Poor communities have their own economies; they have their own
knowledge that produces perfectly good information; it is simply
in an economic or social or scientific language that rich
communities don't understand. I do not mean by this that these
communities have mystical knowledge to which rich Westerners are
no loner privy, I mean simply that they could not have survived in
their environment for many millennia unless they had a science, an
understanding, a knowledge about that place that was intimate and
precise and valuable. But before the rich world gets access to it,
we have to find a translator, and ICT can be that translator; and
we have to agree on a fair price for the information while leaving
the knowledge intact and in the ownership of those who created it.
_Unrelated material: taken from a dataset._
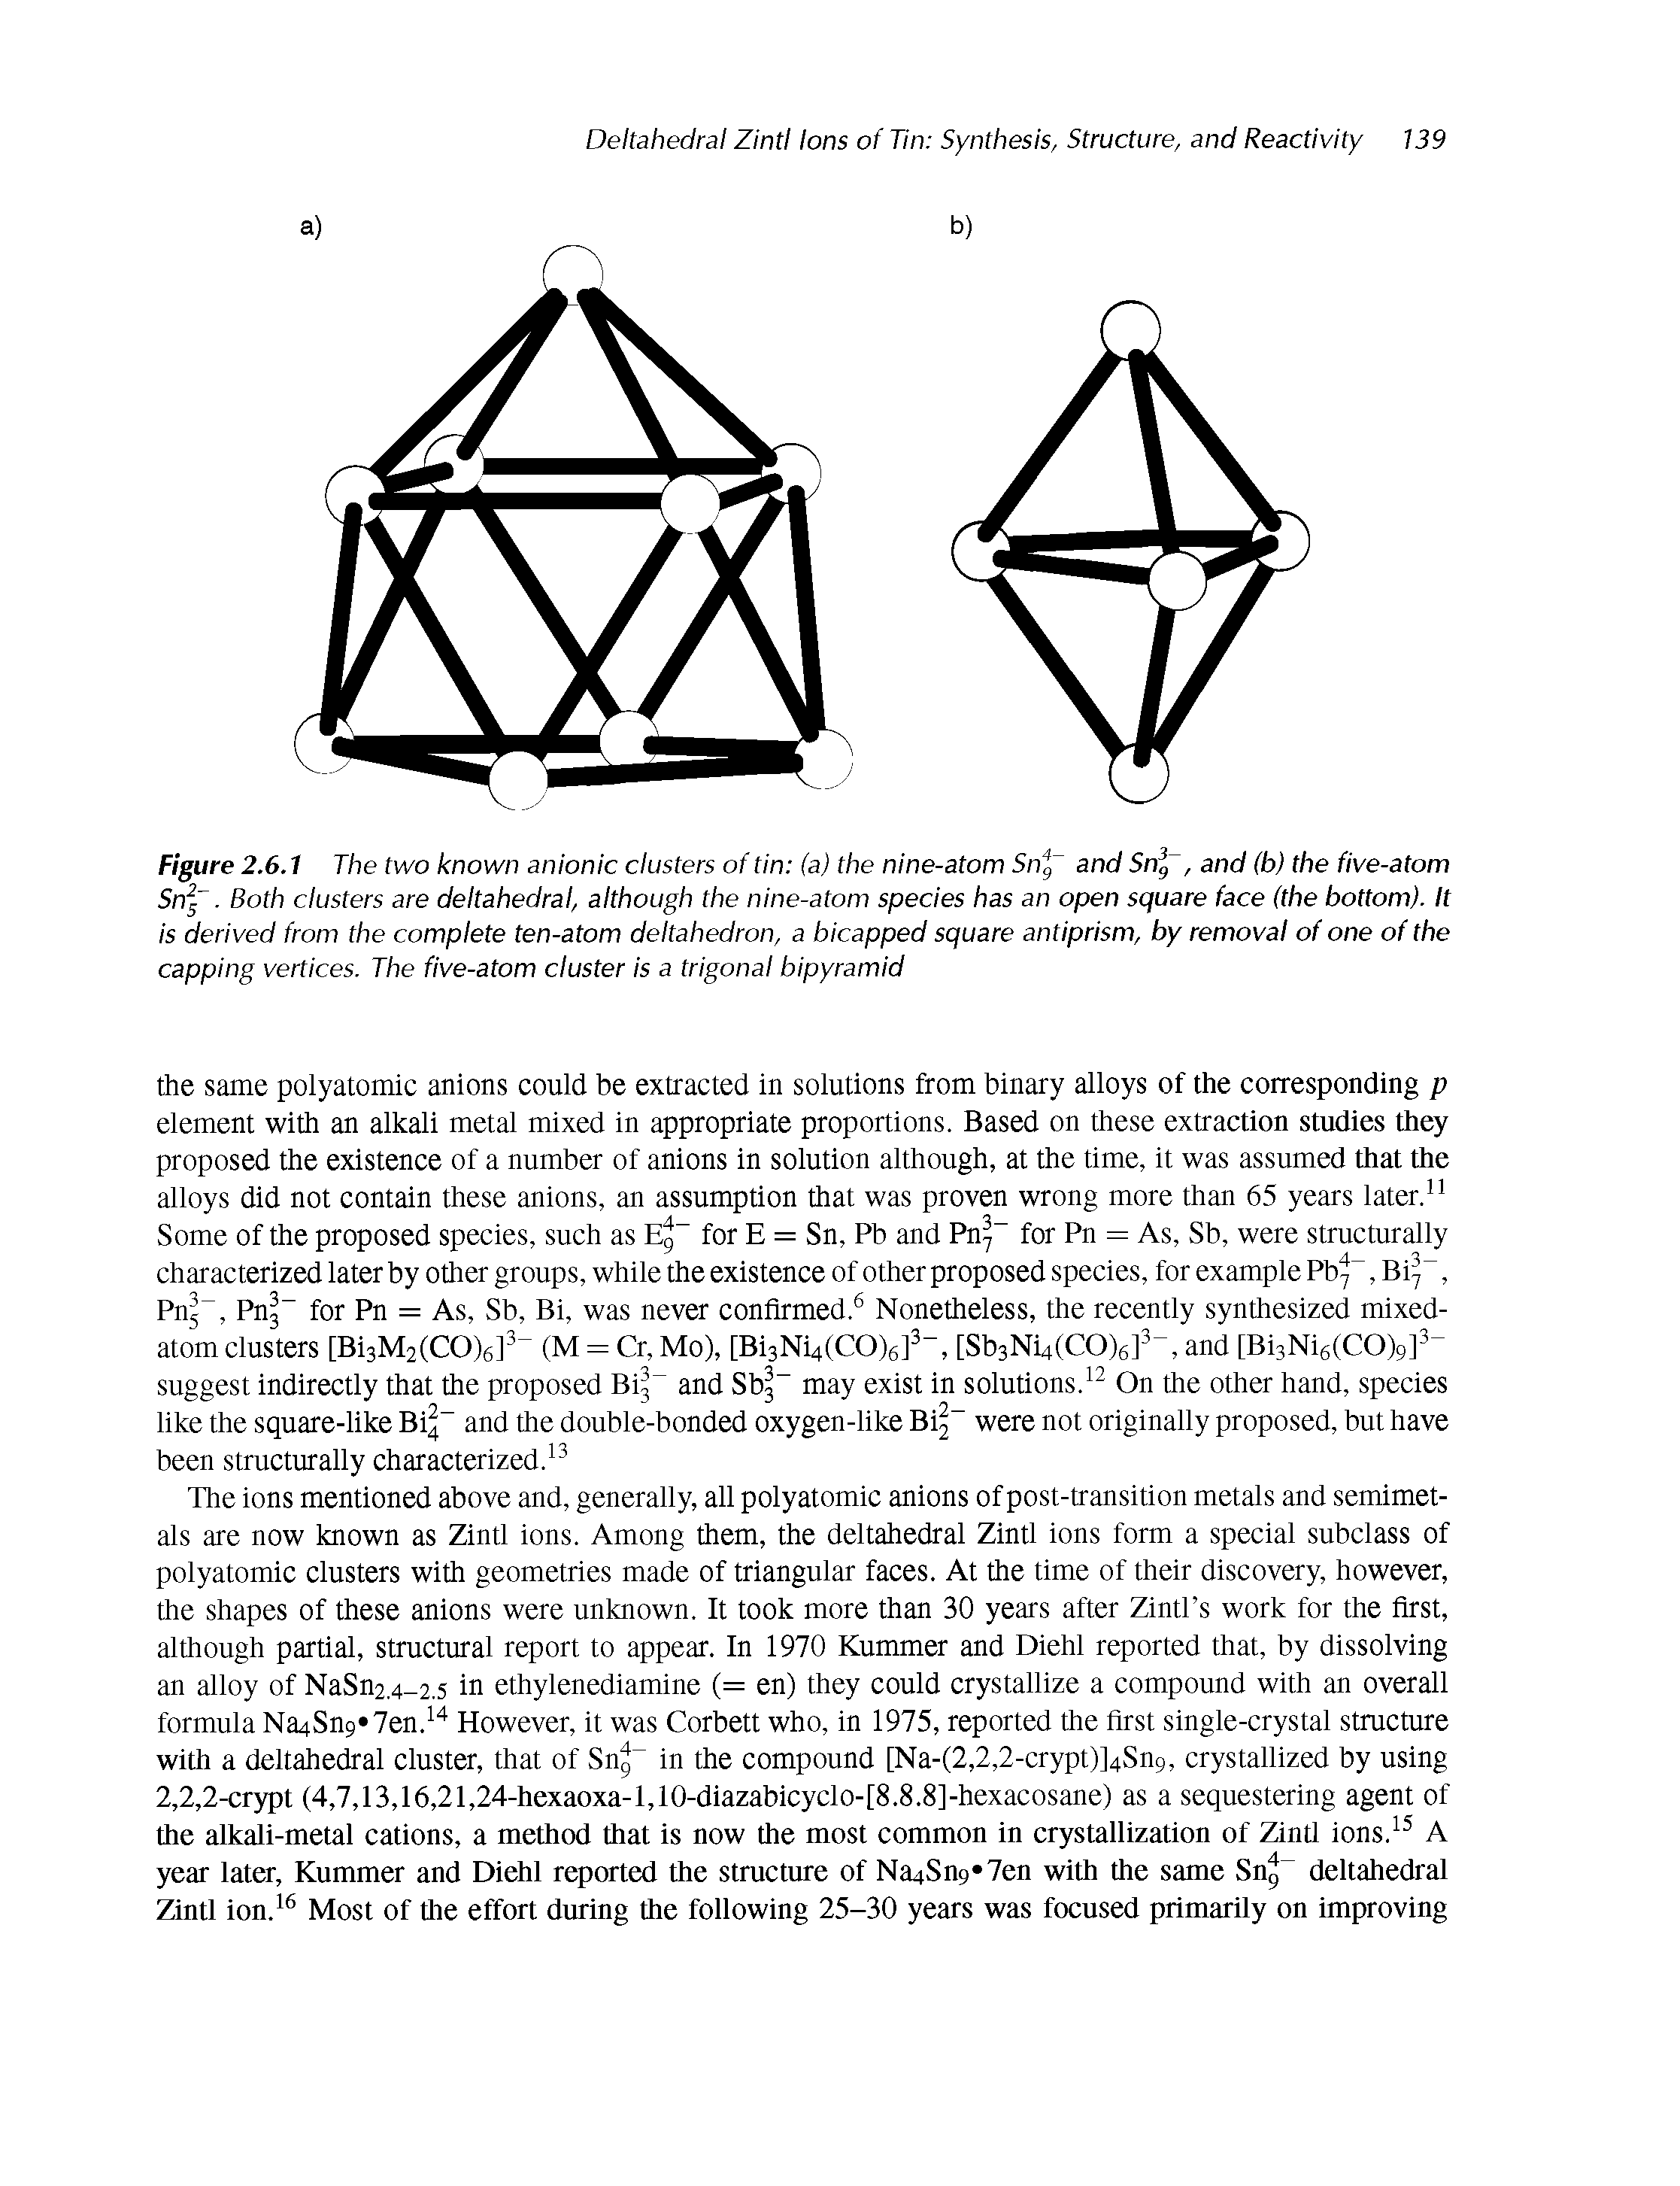 Figure 2.6.1 The two known anionic clusters of tin (a) the nine-atom Sng Snf. Both clusters are deltahedral, although the nine-atom species has an open square face (the bottom). It is derived from the complete ten-atom deltahedron, a bicapped square antiprism, by removal of one of the capping vertices. The five-atom cluster is a trigonal bipyramid...

This process should not be seen only in terms of its ability to
raise people out of poverty, although that is its primary function;
it is intensely practical for the wealthy world as well, and once
again, the San are the focus of this process.
Sidelined over decades because of their dwindling numbers and
ancient way of life, the San have been reduced to a few struggling
communities living on the fringes of society. But now their
traditional knowledge may be their salvation; they stand to make a
lot of money - and gain much respect - from the international
marketing of an appetite-suppressant they have been using for
thousands of generations.
The drug named P57 is based on a substance scientists found in the
desert plant Hoodia Gordinii. The San call the cactus !khoba and
have been chewing on it for thousands of years to stave off hunger
and thirst during long hunting trips in their parched Kalahari
desert home.
A deal has been signed between the South African San Council and
the country's Scientific and Industrial Research Council (CSIR),
which identified the appetite- suppressing ingredient in Hoodia
during research into indigenous plants in 1996. At a small
ceremony recently held in the Kalahari desert near the Kgalagadi
Transfrontier Park, which South Africa shares with Botswana, the
San and the CSIR made a deal
to share royalties earned by commercial sale of the San's ancient
knowledge of the plant.
While intelligent diets and the end of gross feeding by a few
privileged communities might be to all our benefits in the long
run, engaging with the knowledge of communities in poverty,
respecting that knowledge, and, wherever possible, using
technologies to translate its inherent value into the revenue they
need, is a practical, but subtle and difficult, good first step.